• _Activity_:
Write the data out in full and word for word. Do not include images.

• _Information shown_:
[Start of section]
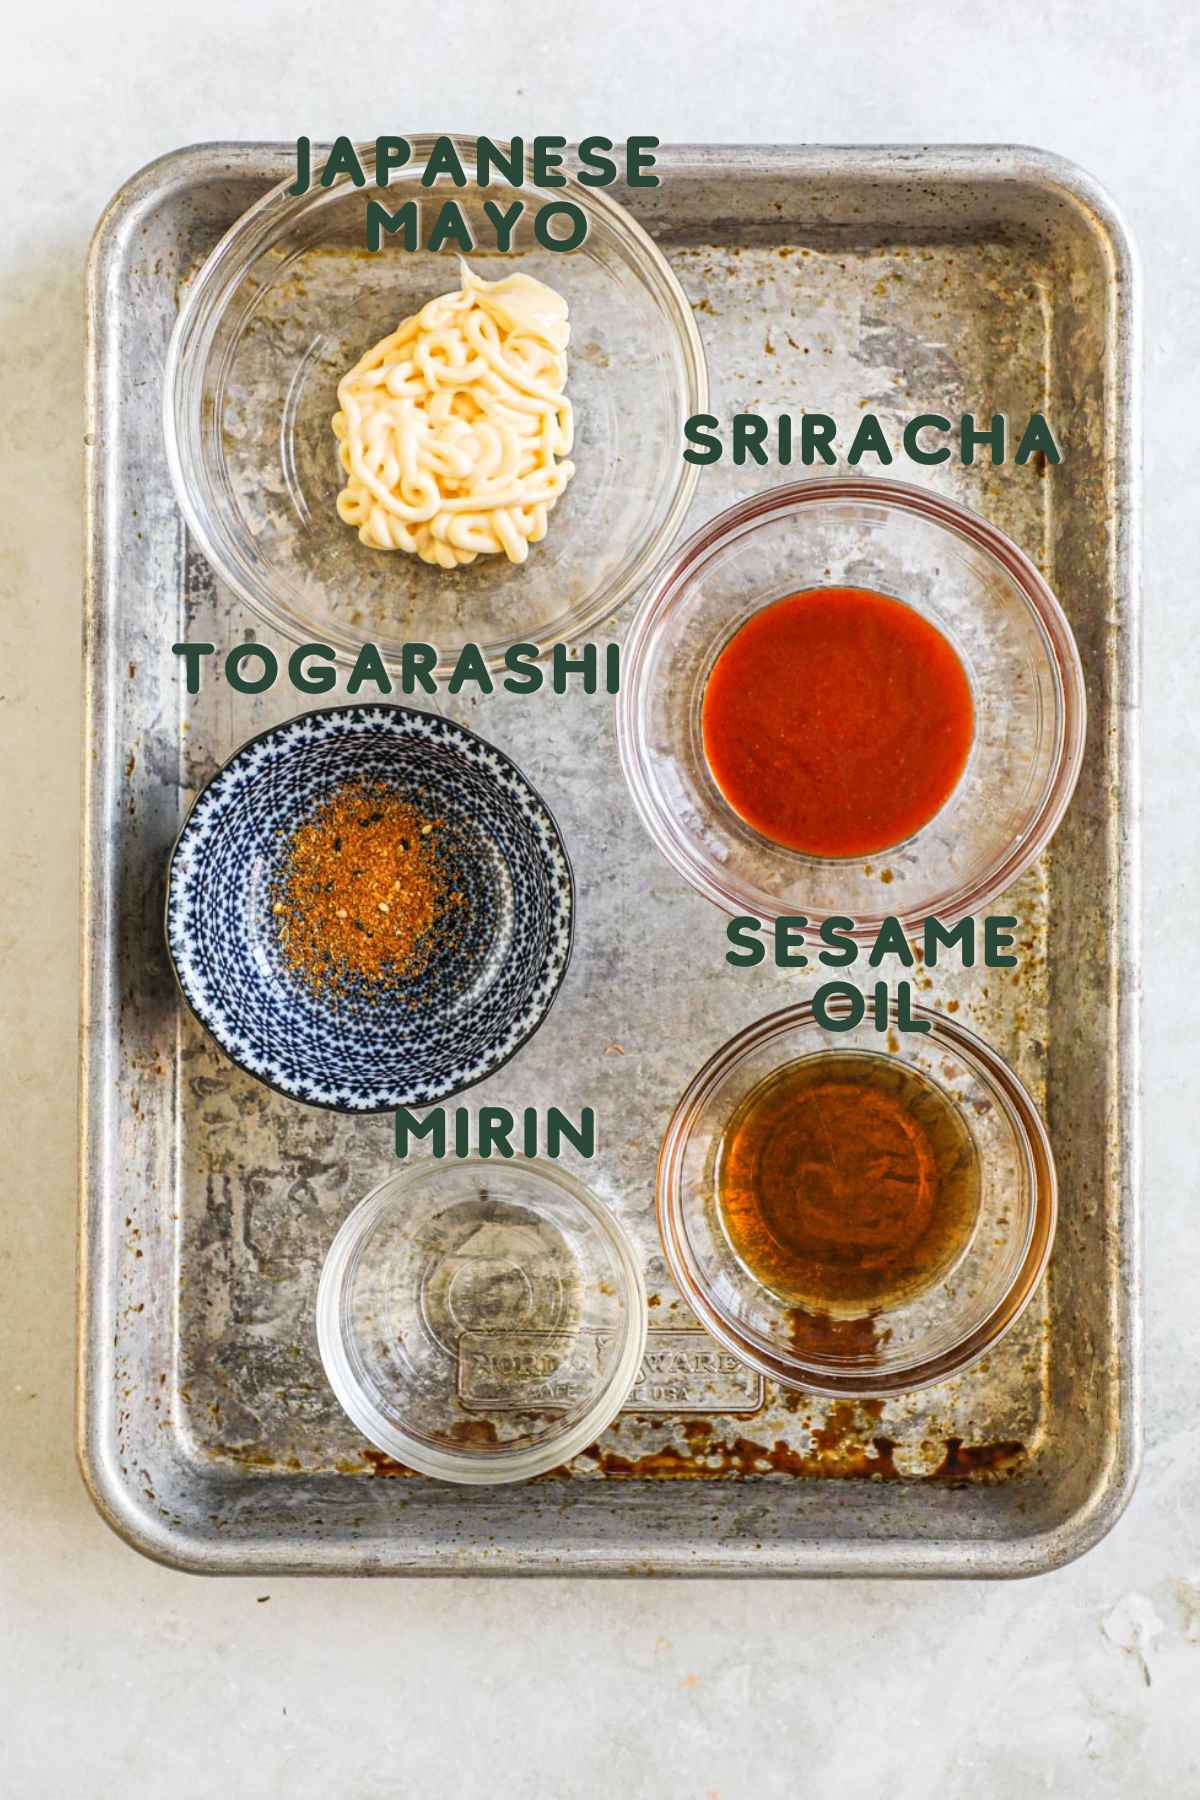 Ingredients to make karaage sliders spicy mayo, japanese mayo, sriracha, togarashi, mirin, sesame oil.
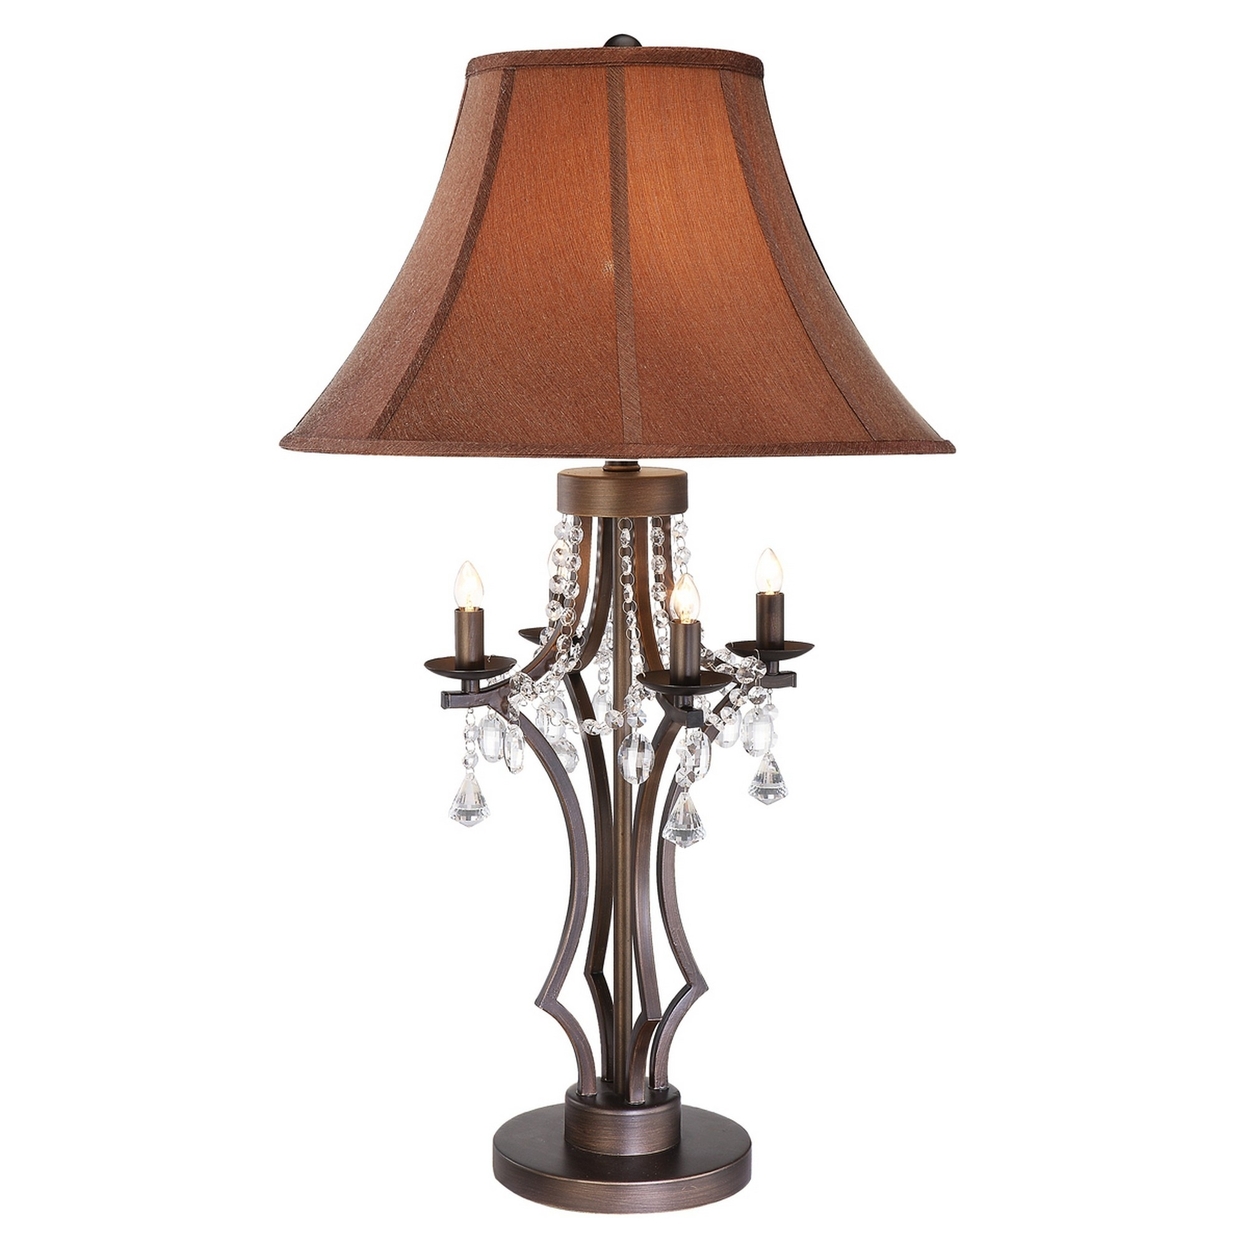 35 Inch Table Lamp, Empire Fabric Shade, Crystal, Antique Bronze Base -Saltoro Sherpi
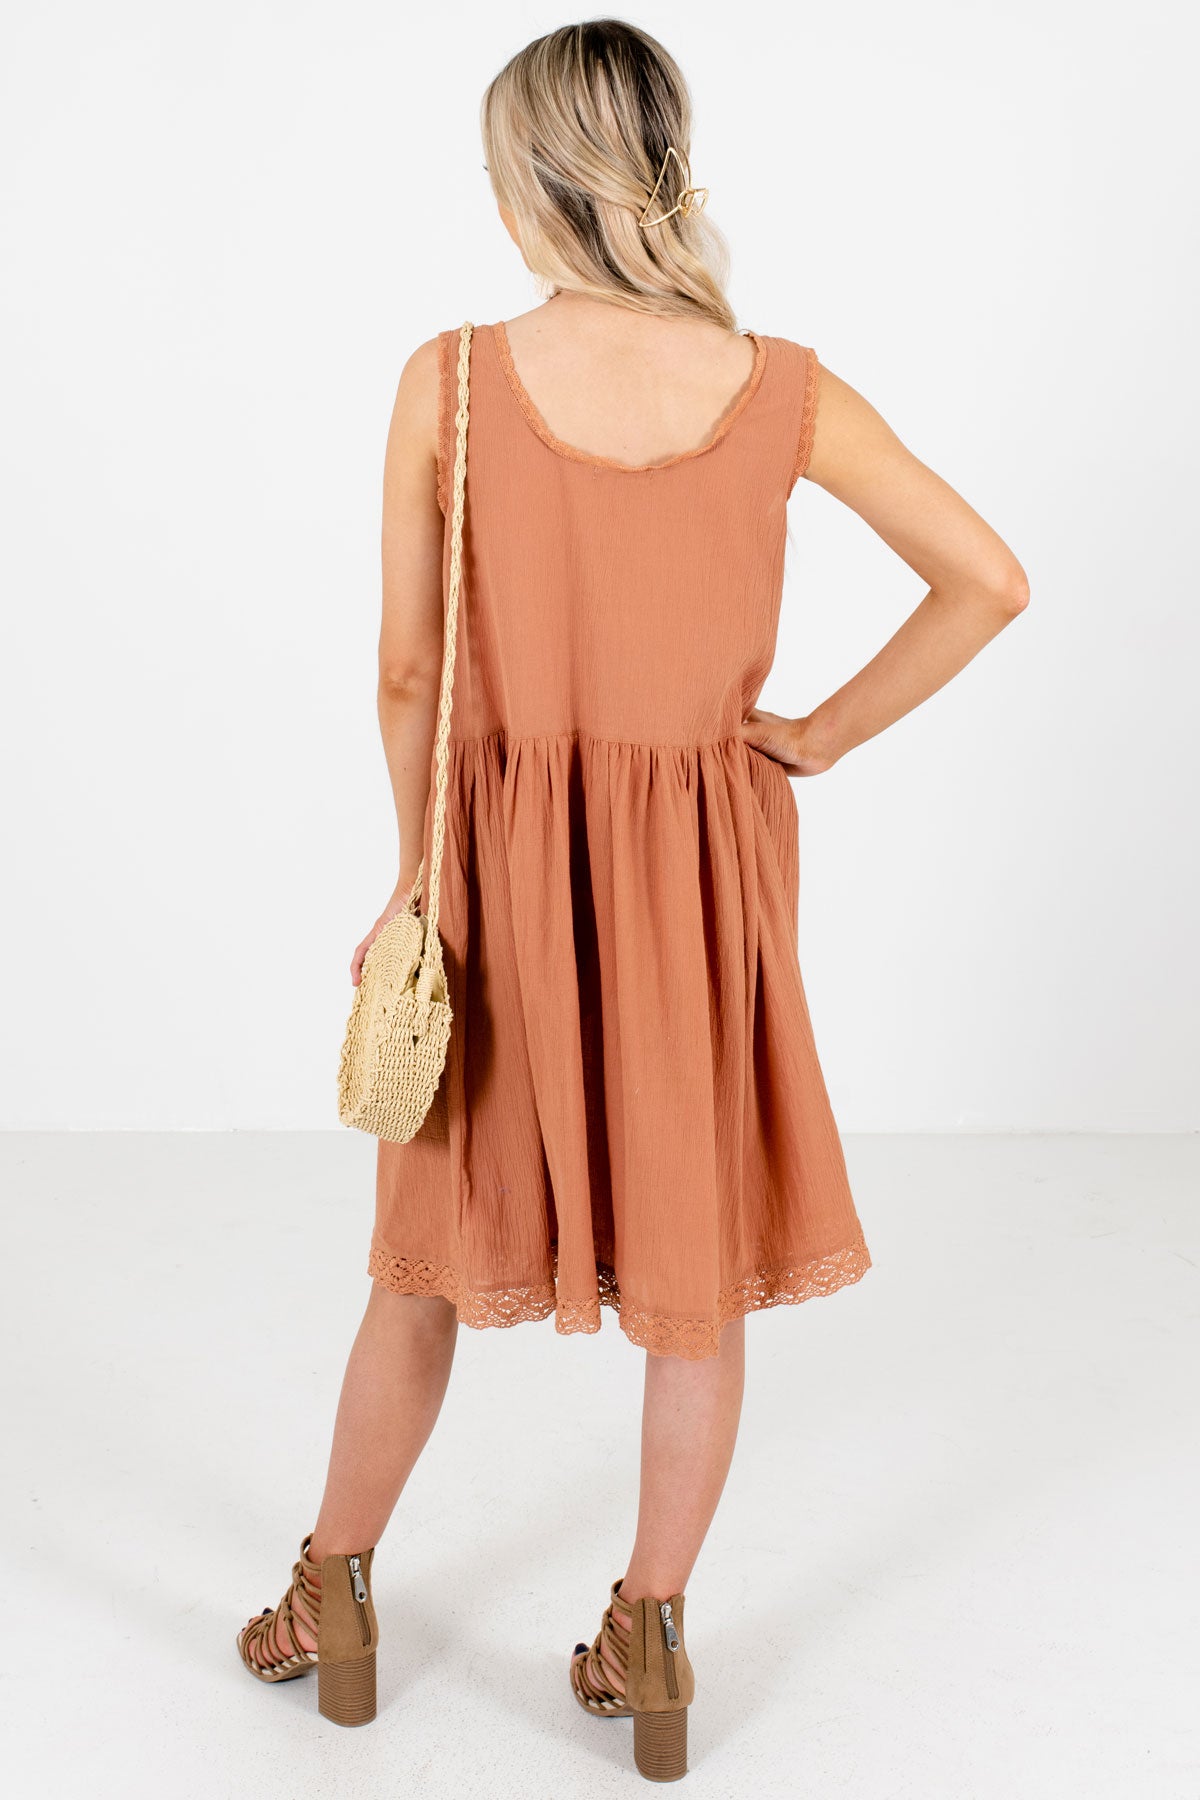 Women's Muted Orange Crochet Lace Detailed Boutique Dress
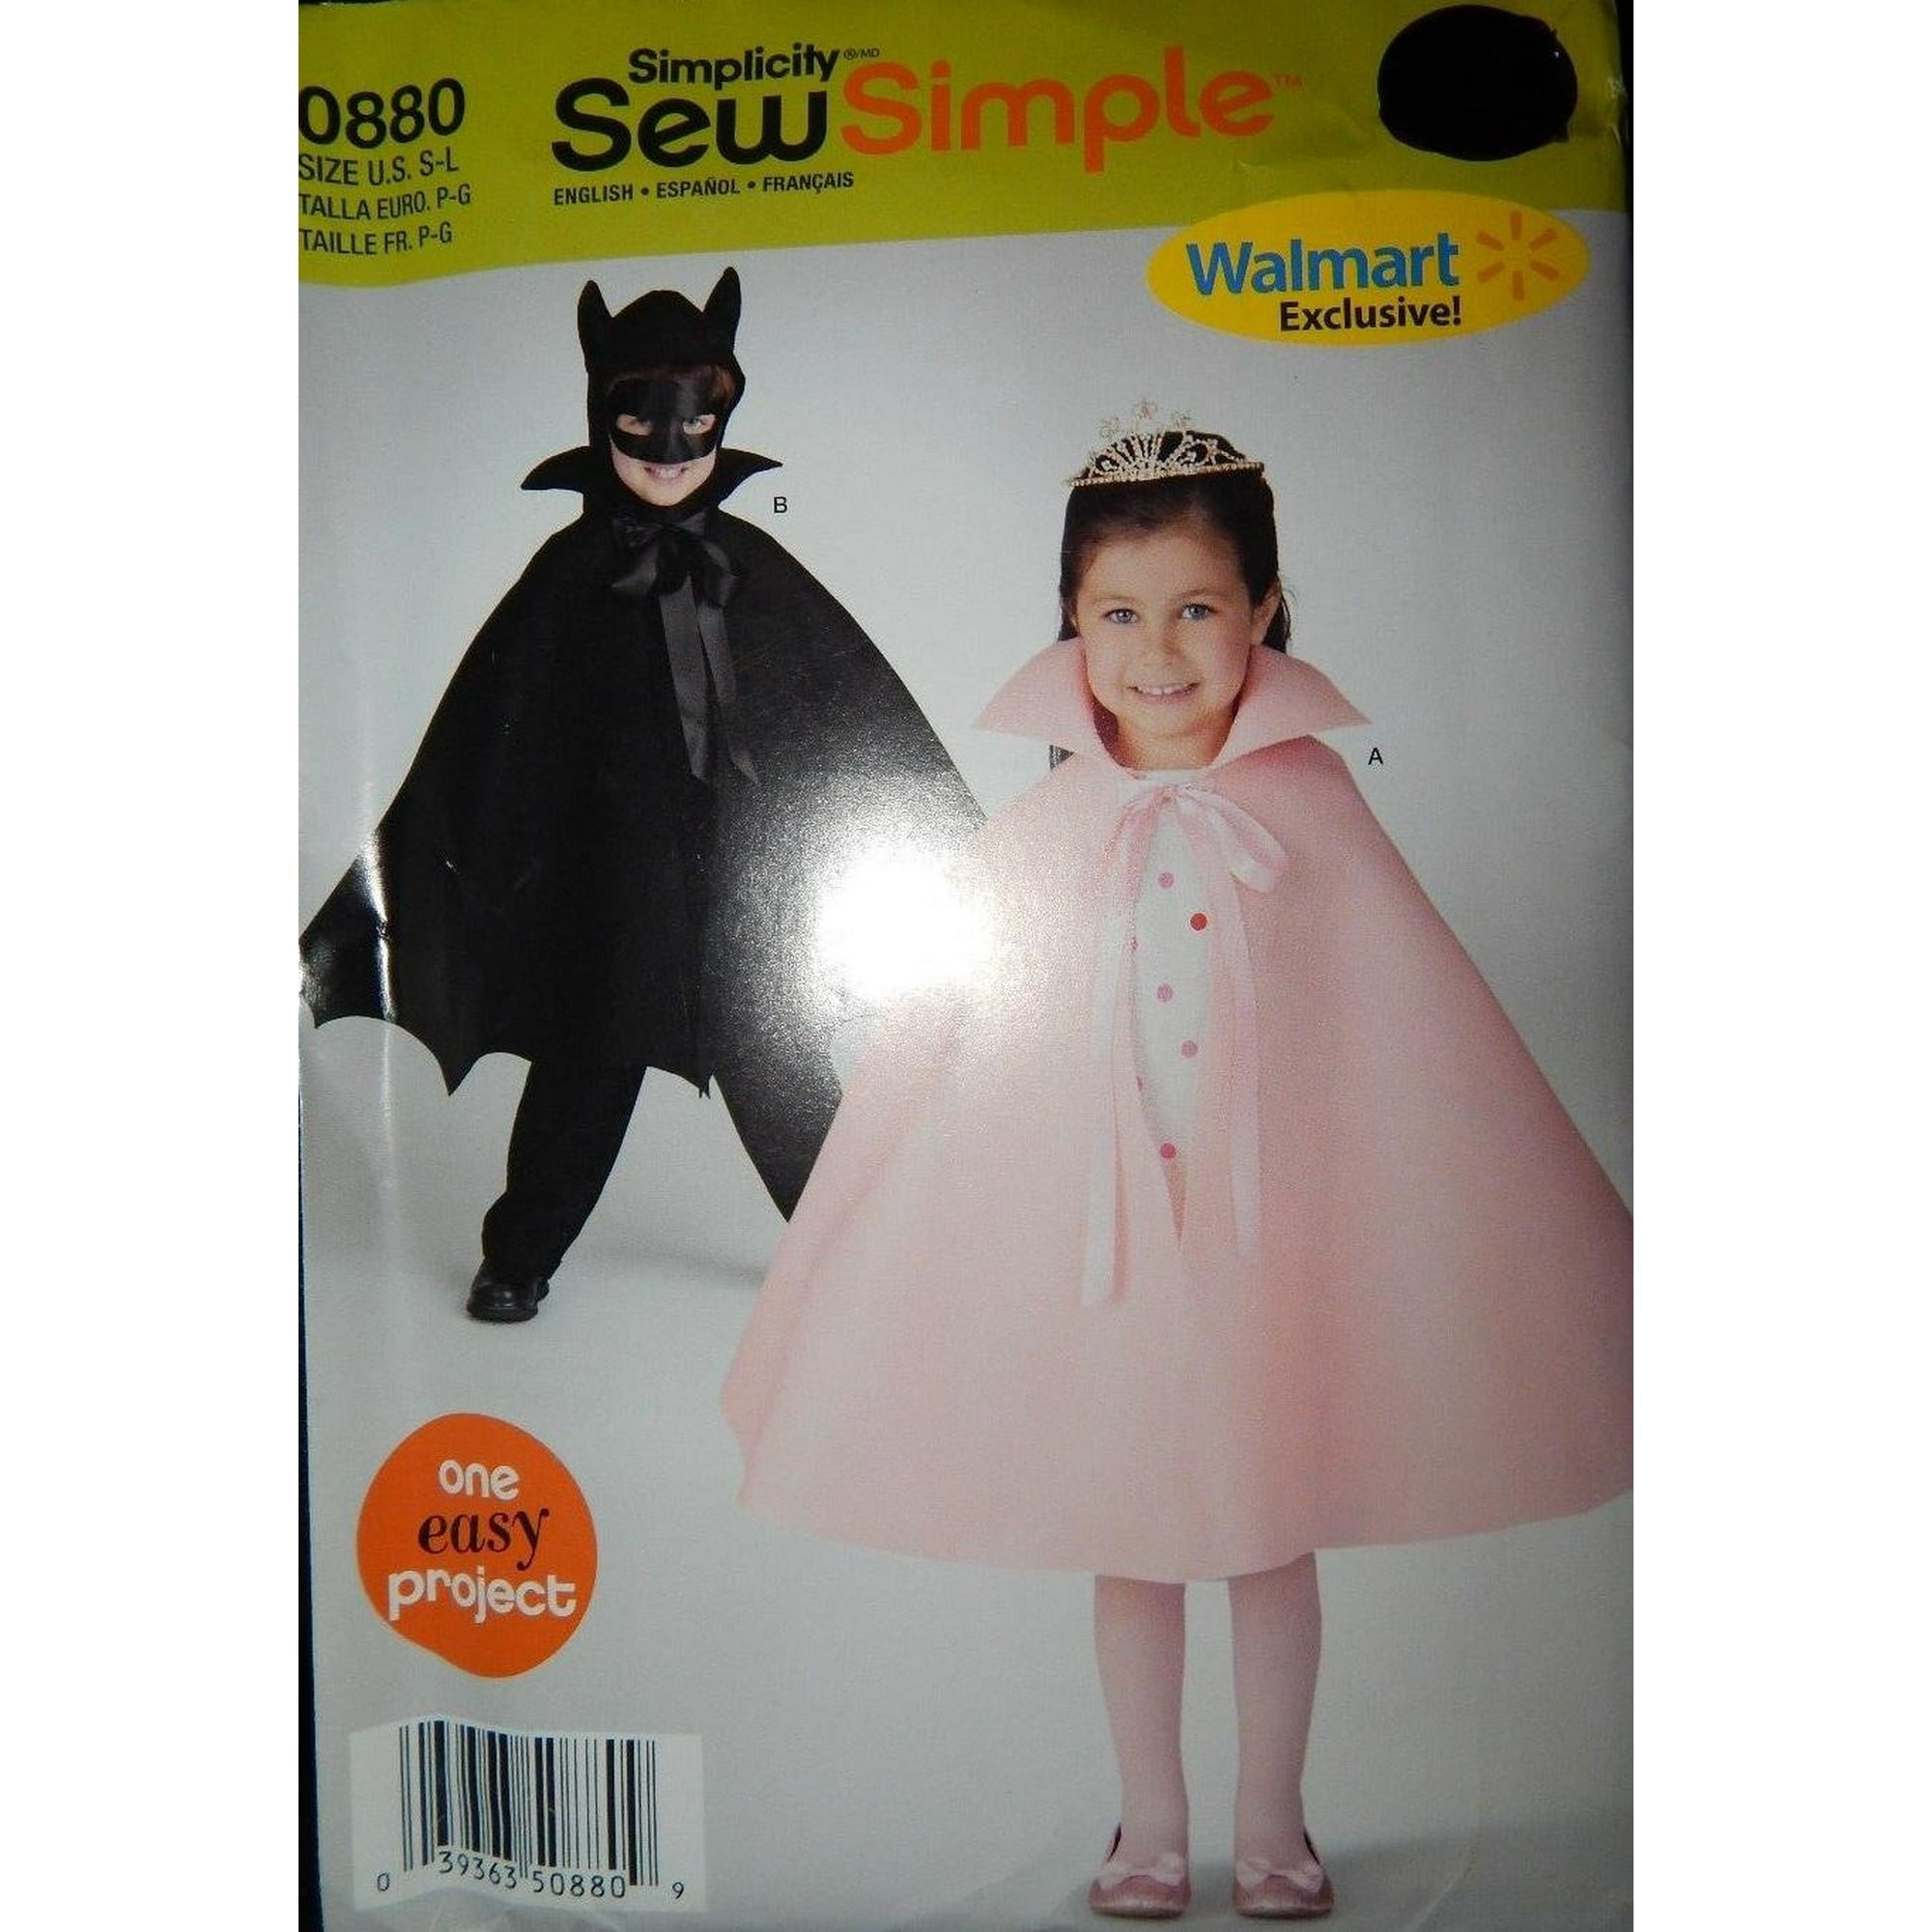 Simplicity 0880 SEW SIMPLE COSTUME Patterns CHILD'S Batman or Princess Cape  : S M L | Walmart Canada
[End of section]
• _Written solution_:
 Ingredients to make karaage sliders spicy mayo, japanese mayo, sriracha, togarashi, mirin, sesame oil.
 35 Inch Table Lamp, Empire Fabric Shade, Crystal, Antique Bronze Base -Saltoro Sherpi
 Women's Muted Orange Crochet Lace Detailed Boutique Dress
 Simplicity 0880 SEW SIMPLE COSTUME Patterns CHILD'S Batman or Princess Cape  : S M L | Walmart Canada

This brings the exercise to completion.